In fact, Farid and his students at UC Berkeley, concerned about how deepfakes are weaponized in politics, are maintaining a site cataloging known examples of deepfakes in the upcoming 2024 presidential election.
“It’s not new that politicians are going to lie to you or the voters. It’s not new that we are going to distort reality. But what is new is the democratized access to technology that allows anyone…to create images, audio, and video that are incredibly realistic,” added Farid in an interview with CNBC’s Squawk Box.
As a result of this access, the “realistic” nature of AI-generated content blurs the line between real and fake, leading to what’s known as the “liar’s dividend,” wherein if anything can be faked, then then nothing has to be real. The existence of synthetic material can sow doubt about the authenticity of a piece of content, allowing people to claim genuine content is fake or bad. “When we entered this age of deepfakes,” Farid explained to NPR, “anybody can deny reality.”
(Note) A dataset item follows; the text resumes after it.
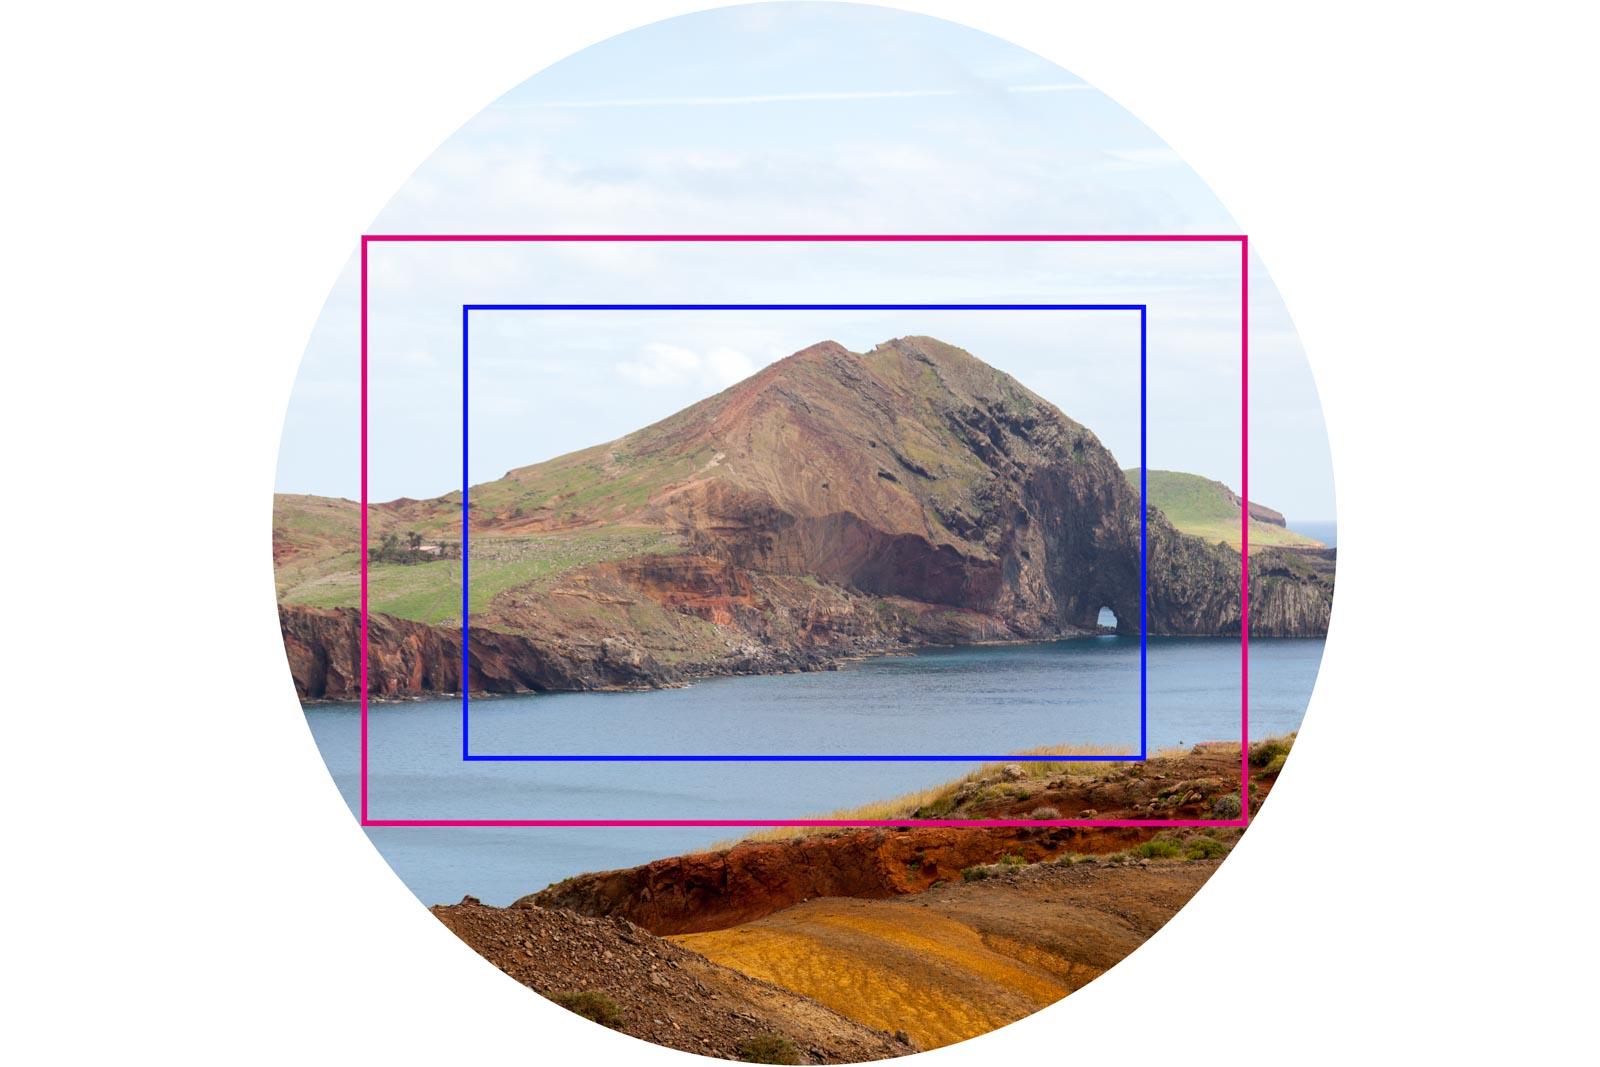 Cropfactor voorbeeld full frame en crop frame lens

In order to combat the influx of fake AI-generated content, Farid advocates for regulation by AI companies, social media sites, and election campaigns themselves. He believes that using tools such as watermarks, cryptographic signatures, and fingermarks can make it easier to identify the real from the fake. Projects like the Content Authenticity Initiative are crucial to helping prioritize and standardize the authentication process.
At times like this, seeing is no longer believing. So as the election slowly approaches, it’s about time to start paying attention…or you might just be deceived by a deepfake.